The videos from this channel might provide some tips.
https://www.youtube.com/watch?v=j1LFo2D-jss
Didn't mean to cross brace with plywood. I mean you put plywood on the entire wall then plasterboard. There's no point in buying a sheet of plywood to cut it up and put stubs between the studs. Then you might as well use cheap studs instead.corre said:A plywood board that is correctly fastened and with one (1) wood screw can handle around 150kg shear load (straight down) I recall.
Two screws attached to the wall cabinet's fasteners easily handle the load of what you load into the cabinet.
If you choose plywood, take strips that are at least 50cm high, and fasten with 4 screws in each stud.
Otherwise, you can just toe-nail two or three screws, or nail when you cross brace.
The videos from this channel might give some tips.
[link]
I meant unclearly, that one should mount a strip on the kitchen walls at the height that fits for supporting the cabinets, i.e., replace the gypsum as the board there. It might not be possible to change more without damaging the gypsum/tiles or something else.
But my recommendation is just like yours, change everything!
Gypsum over the plywood for tiling later.
But my recommendation is just like yours, change everything!
Gypsum over the plywood for tiling later.
I will be a bit clearer
The idea has been to place noggings between the studs where we need to mount the cabinets. Over that, we would place plywood/osb or something similar and then drywall. But if I understand you correctly, you don't need to place noggings if we use plywood behind the drywall?
Member
· Västra Götaland
· 332 posts
No, inga kortlingar are needed if that is the case. Very practical since you can screw things up everywhere.

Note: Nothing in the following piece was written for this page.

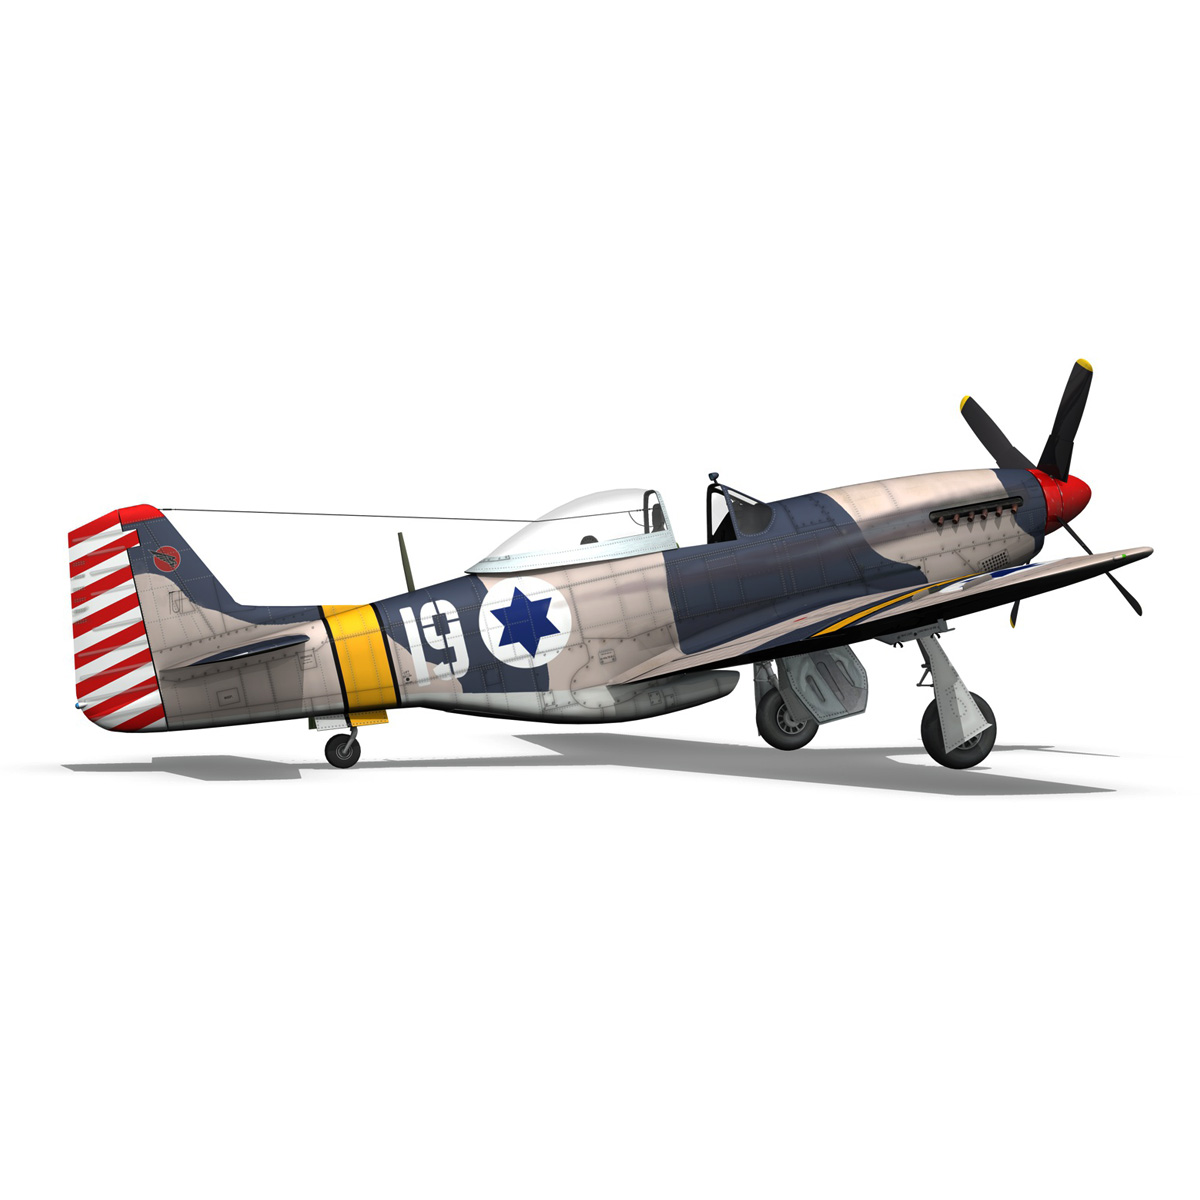 North American P-51D Mustang - IDF 3d model fbx c4d lwo lws lw obj 273319
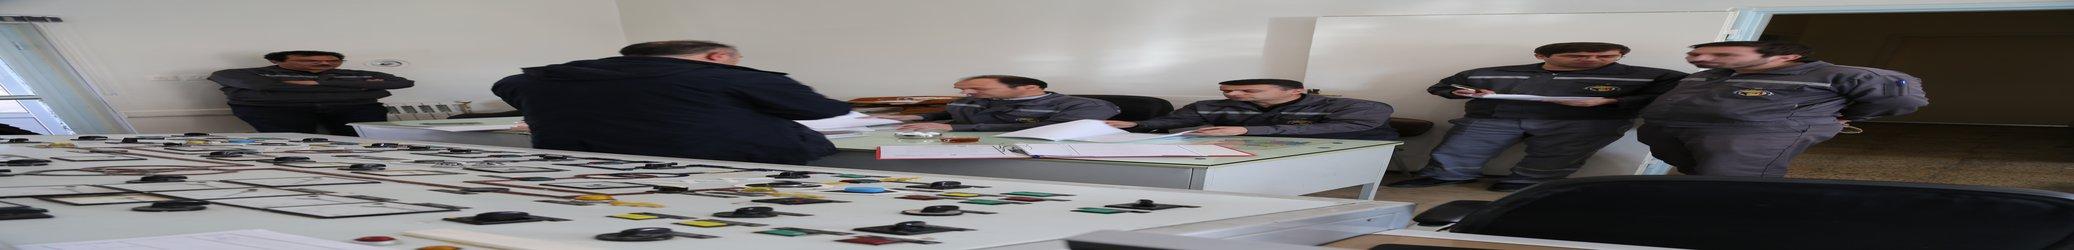 واحد های گازی نیروگاه تبریز و صوفیان قابلیت خود راه اندازی دارند. تست واحد G۱۱ نیروگاه تبریز و نیروگاه صوفیان بر اساس ...

Just use the right screw when assembling the kitchen! Make sure the "play" is not too large between the thread and the screw head. For example, a 4 cm long screw generally has more thread and shorter play. So it is better than a 7 cm long screw, where the play is larger more often.
Thomas59
Construction veteran
· Stockholms län
· 3 322 posts
Thomas59
Construction veteran
- Stockholms län
- 3,322 posts
Standard drywall can easily support upper cabinets without any need for noggings/plywood/OSB.
Just use Toggler instead of Molly.
I've tested hanging IKEA upper cabinets (100++ kilos) attached with two Togglers in standard drywall, and the cabinet breaks before the wall mounting fails.
Just use Toggler instead of Molly.
I've tested hanging IKEA upper cabinets (100++ kilos) attached with two Togglers in standard drywall, and the cabinet breaks before the wall mounting fails.
Thanks for all the answers! We went with both suspenders and a belt and placed noggings where the kitchen manufacturer wants them. However, there will also be an OSB board before the plasterboard to be able to put up some shelves, etc.
Thanks!
Thanks!
I read on byggahus about someone who marked on the wall where the upper cabinets would be, cut out a strip of drywall along the entire cabinet row, and inserted a metal strip before putting back the drywall. Then they mounted the upper cabinets with self-drilling mounting screws. I thought it was smart with metal since you don't have to mess with timber in the wall.
Member
· västra götaland
· 212 posts
That's enough. That's how it's usually done on construction sites.